Perhaps their most famous was 1956’s The Searchers which saw Duke play a Civil War veteran spending years searching for his abducted niece, played by Natalie Wood.
Still a student in high school at the time, Wayne and co-star Jeffrey Hunter had to pick her up and take her to set on a number of occasions.
The Searchers was shot in Ford’s favoured Monument Valley, part of the Navajo territory on the Arizona/Utah state line, temperatures during filming could reach heights of 49°C (120°F).
The director was brilliant and eccentric, chewing through the corners of a dozen handkerchiefs while smoking a pipe each day. He also discouraged chatting and bad language in front of women and insisted on an Earl Grey tea break each afternoon.
Maureen O’Hara, who worked on five movies with him said in 2004: “He was a genius. He was the finest director any of us ever worked with, and we were proud to work with him and work for him. We realised that he was bad-tempered and awful but we accepted it and forgave him… He was abusive if it suited him and what he was after. I used to watch him and think, ‘Oh, he’s after something.’”

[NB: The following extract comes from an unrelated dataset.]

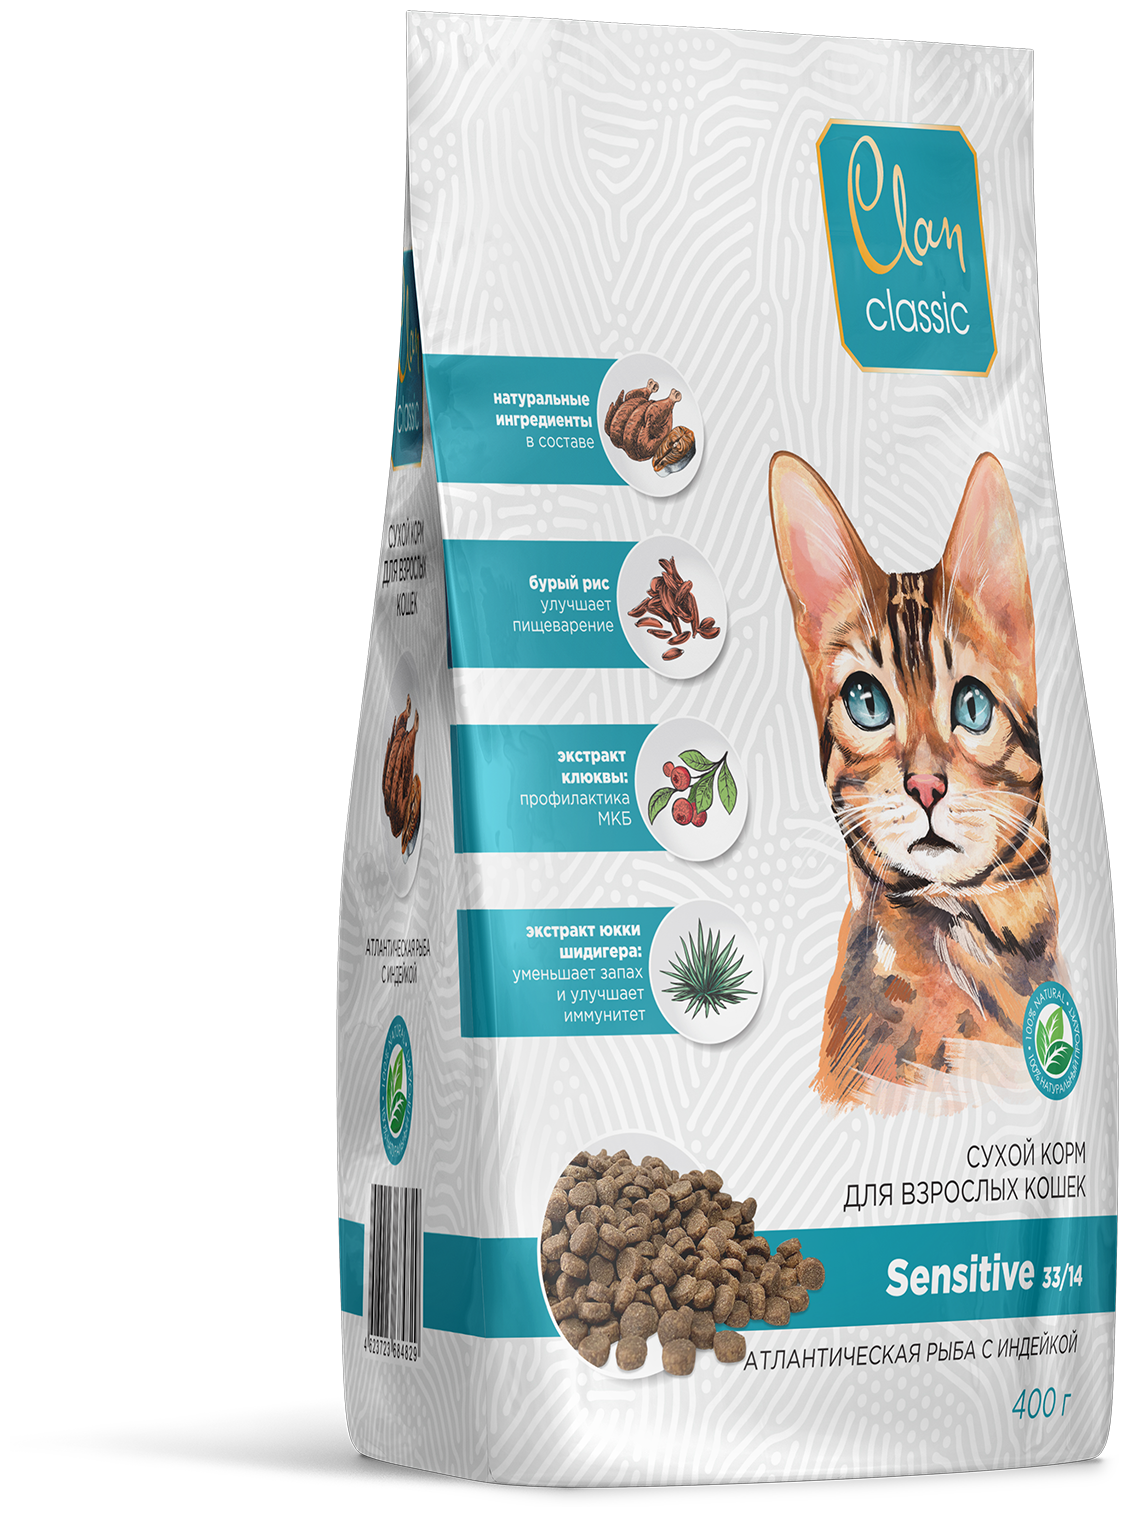 Clan Classic Sensitive. Сухой корм для кошек-с чувствительным пищеварением С атлантической рыбой И индейкой 400 гр.

With such a reputation for anger, Reverend Captain Clayton star Ward Bond found himself in a situati on on The Searchers set one day in which he barely managed to escape the filmmaker’s wrath.
One day the actor, who would walk around naked in his motel room after filming with the curtains open in a futile attempt of attracting co-star Vera Miles, realised he needed a shave and what happened next was certainly a close one.
During the filming of Ethan’s speech in which he recounted discovering and burying Lucy, Wayne nailed his first take much to Ford’s delight. However, for some strange reason, the camera had stopped which saw the director “supremely irritated”. He asked the cameraman what was wrong, only for the power to return and filming to resume.
What had happened was that Bond had pulled the plug so he could charge his electric razor. The crew knew the truth of the matter but decided not to tell Ford out of fear that the director would thump him.
Nevertheless, the director did indeed find out, long after the actor’s death of a massive heart attack in 1960. Years after The Searchers premiered, the film’s cinematographer Winton C Hoch told Ford at a Hollywood event how the late actor was responsible for losing Wayne’s perfect take.
Upon hearing this “Ford’s face turned white. He was uncharacteristically speechless because he didn’t have his favourite horse’s ass to kick around anymore.”